Let me note from the outset that the subjects were British and that there is no disaggregation by race or other possibly significant cultural factors. The paper finds some common sense results like the fact that individual interactions with the teach skyrocket (exponentially):

interactions-with-teacher-b

Similar results are found for pupils being the focus of the teacher’s attention. (There’s a book about that!) Meanwhile, time on task rises more linearly:

time-on-task

When the data is disaggregated by student achievement level, there are some stunning results suggesting that it is the low and mid achieving students who need the teacher’s attention (as indicated by off task behavior) and the highest achieving that seem to just need the teacher to get out of their way. The irony is, of course, that the highest achieving students are often tracked into (or their parents pay their way into) exclusive programs and schools with smaller class sizes!

elementary: off-task-primary1

secondary: off-task-secondary

Similar graphs depict how likely it is that teachers spend time on negative behavior with students from each achievement level. (Curiously, the researchers do not report the aggregate correlation between class size and their “teacher deal with negative behaviour” coding.) That high and medium actually go down with larger class size might reflect that teachers simply opt to let higher achieving kids get away with more and focus on reigning in the lower achieving kids. I describe this in the book as a process where in larger classes teachers tend to divide the class into allies and adversaries. The researchers write,

We feel that these results on on and off task behaviour are significant because they show that the problem of large classes, especially in older pupils, is particularly marked for the pupils who are already attaining at lower levels, and that it, in turn, is associated with teachers seeking to control this kind of behaviour. It is easy to see how these two kinds of behaviours can become self reinforcing, exacerbating each other and making the situation worse. In contrast, smaller classes seem to allow an environment in which low attainers are not only less off task but are less likely to receive corrective talk from their teachers. This appears to be a more productive educational environment. (23)

And then there are results that are ambiguous in import. First, there is less student-to-student interaction as classes get smaller, whether its on or off task interaction. “It seems likely that with more pupils in the classroom there is less of the teacher’s individual attention available and this presumably means that pupils come to interact more with each other instead, in both acceptable and unacceptable ways” (23). My response to this would be that (a) we probably need to remind and train teachers to keep doing group work in small classes, and (b) we need to make sure not to glamorize peer cooperation that is out of balance with adult attention. (See chapter 4 of my book.)

Second, teachers appear to spend less time actually “teaching” the class in the traditional sense. According to the researchers, “in smaller classes pupils get more individual attention, while in larger classes they spend more time listening to the teacher talk to the whole class. They are perhaps getting more educational input, but this is at the expense of it being largely passive and as part of a large group” (22).
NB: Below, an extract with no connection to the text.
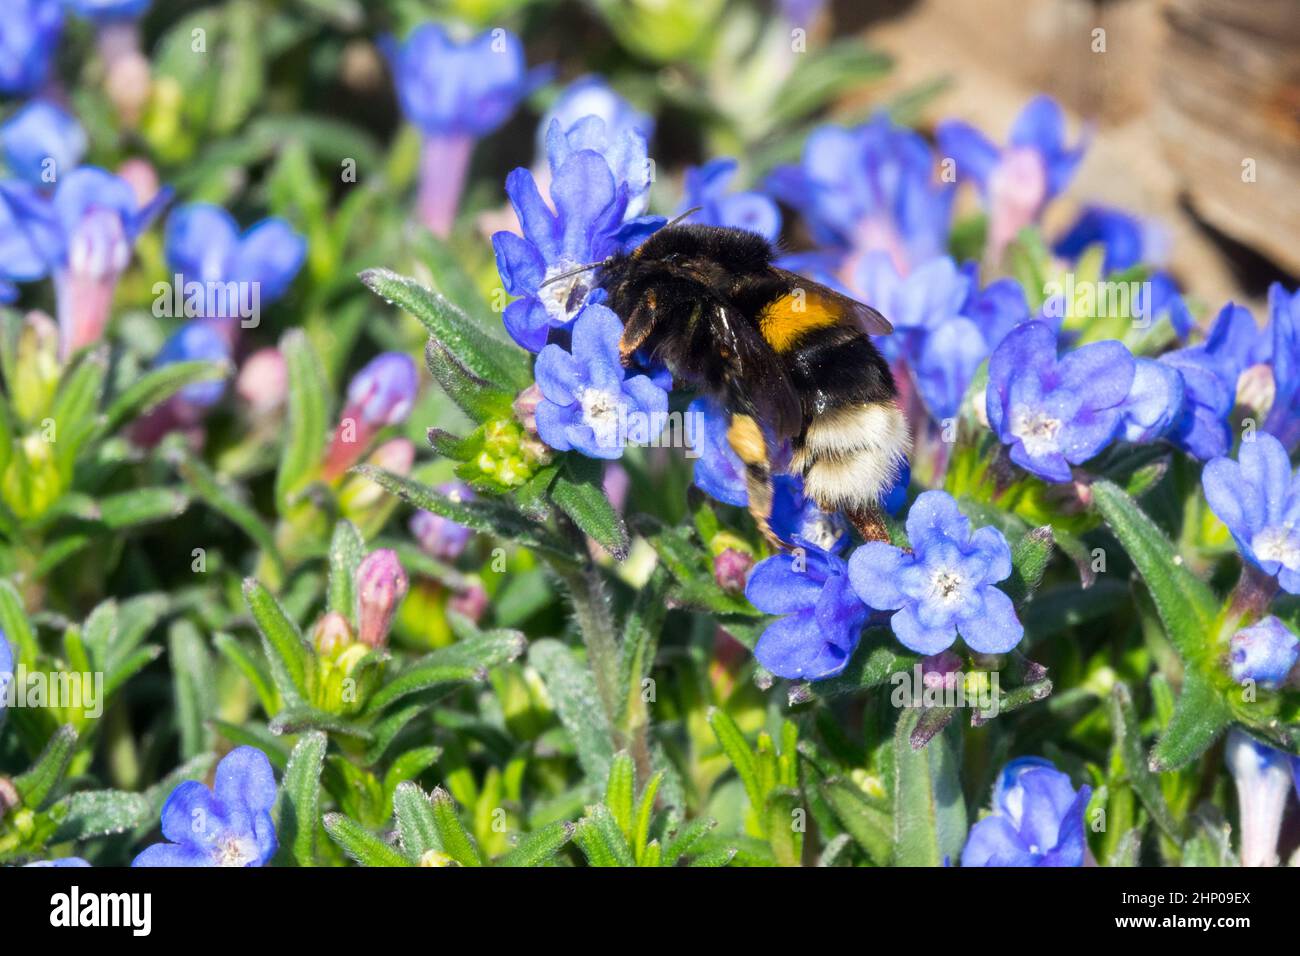 Bombus terrestris, Buff-tailed bumblebee, Bumble bee on flower Lithodora diffusa 'Heavenly Blue' Stock Photo
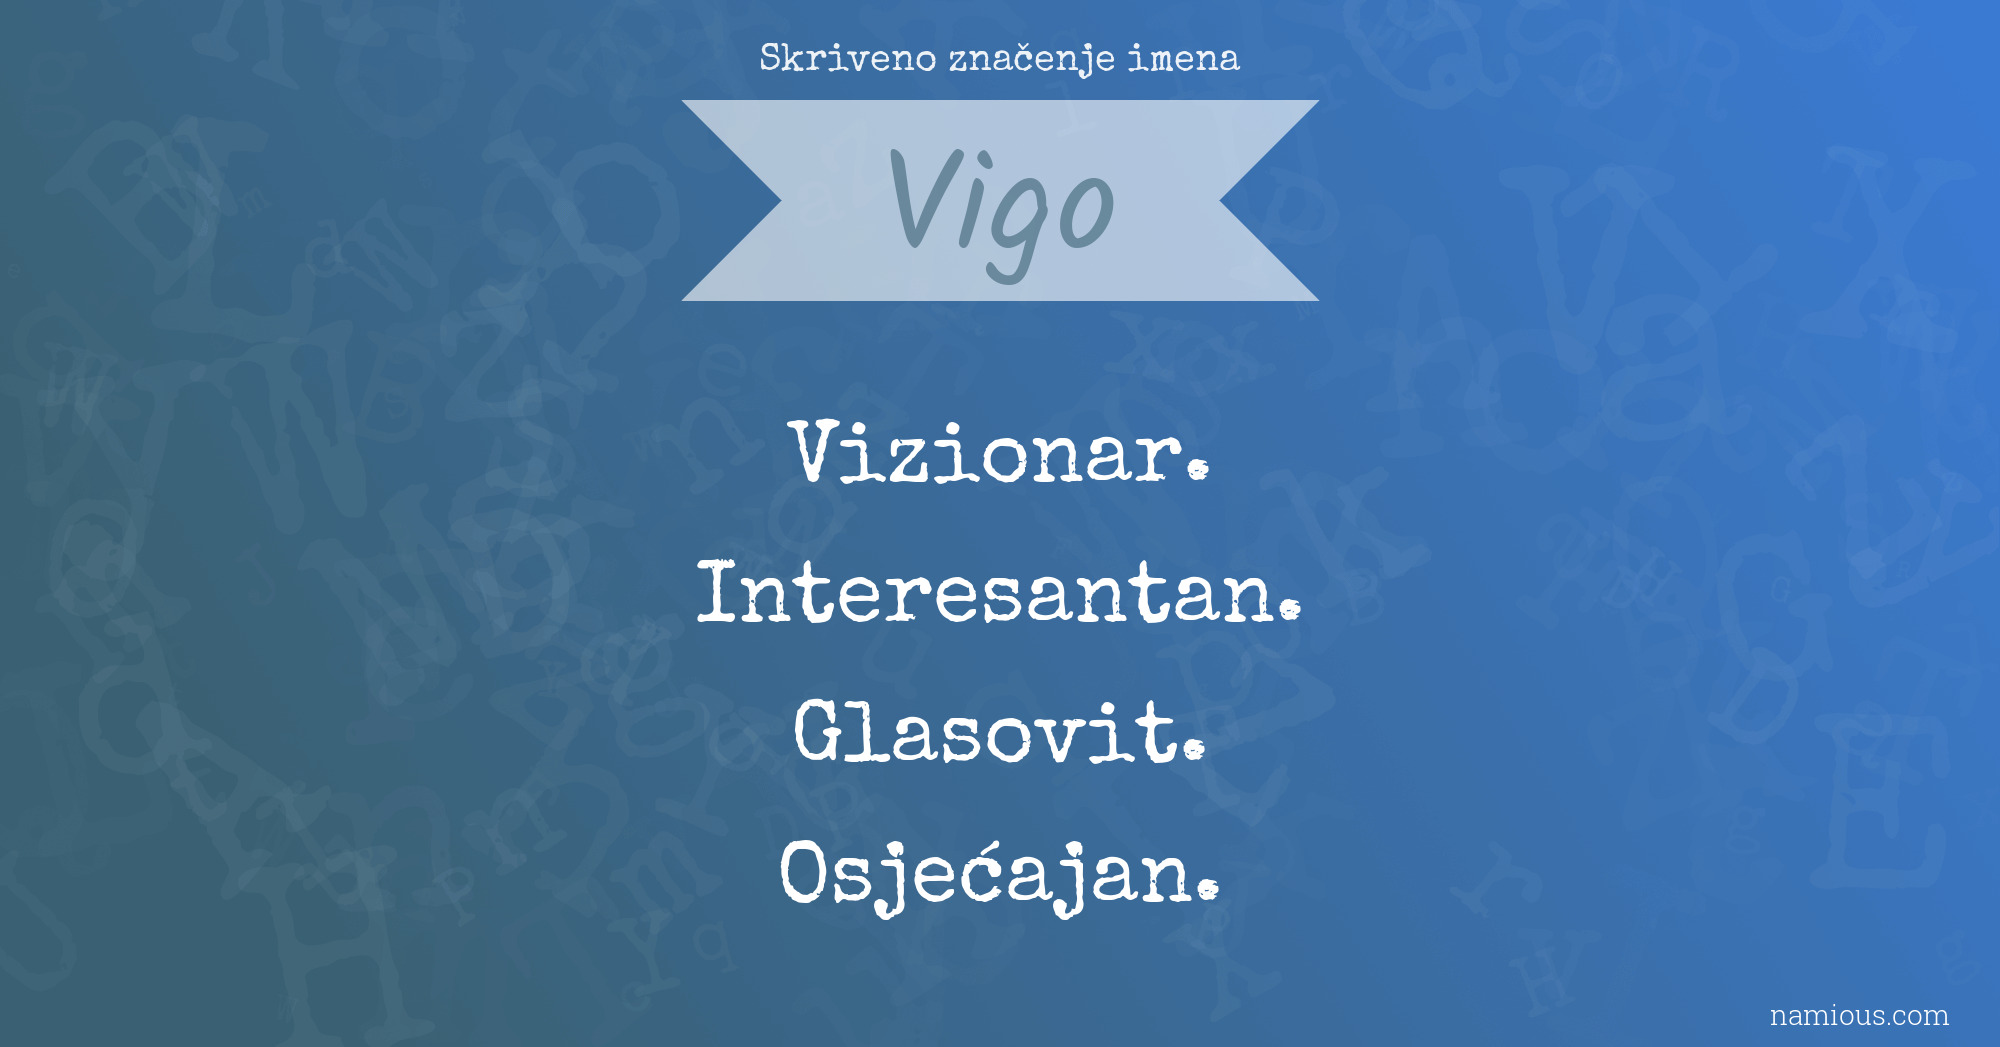 Skriveno značenje imena Vigo

elementary: teacher-teach-elem

secondary: teacher-teach-secondary

This could perhaps explain why the test scores don’t skyrocket in the same way other indicators do. Perhaps teachers can accomplish the same amount more efficiently and don’t necessarily feel the need to make small classes learn more just because they could. The “more! better! faster!” discourses we have been bombarded with would say these teachers are being lazy, are squandering the opportunity to beat the [fill in competitors here]. I plan to focus my doctoral research around questioning this response. Why more? Why better? Why faster? Instead, I want to propose that more equal is the only real urgency. And Blatchford, Bassett and Brown’s research suggests that more equal (as opposed to better than)  is precisely the tendency inherent in class size reduction.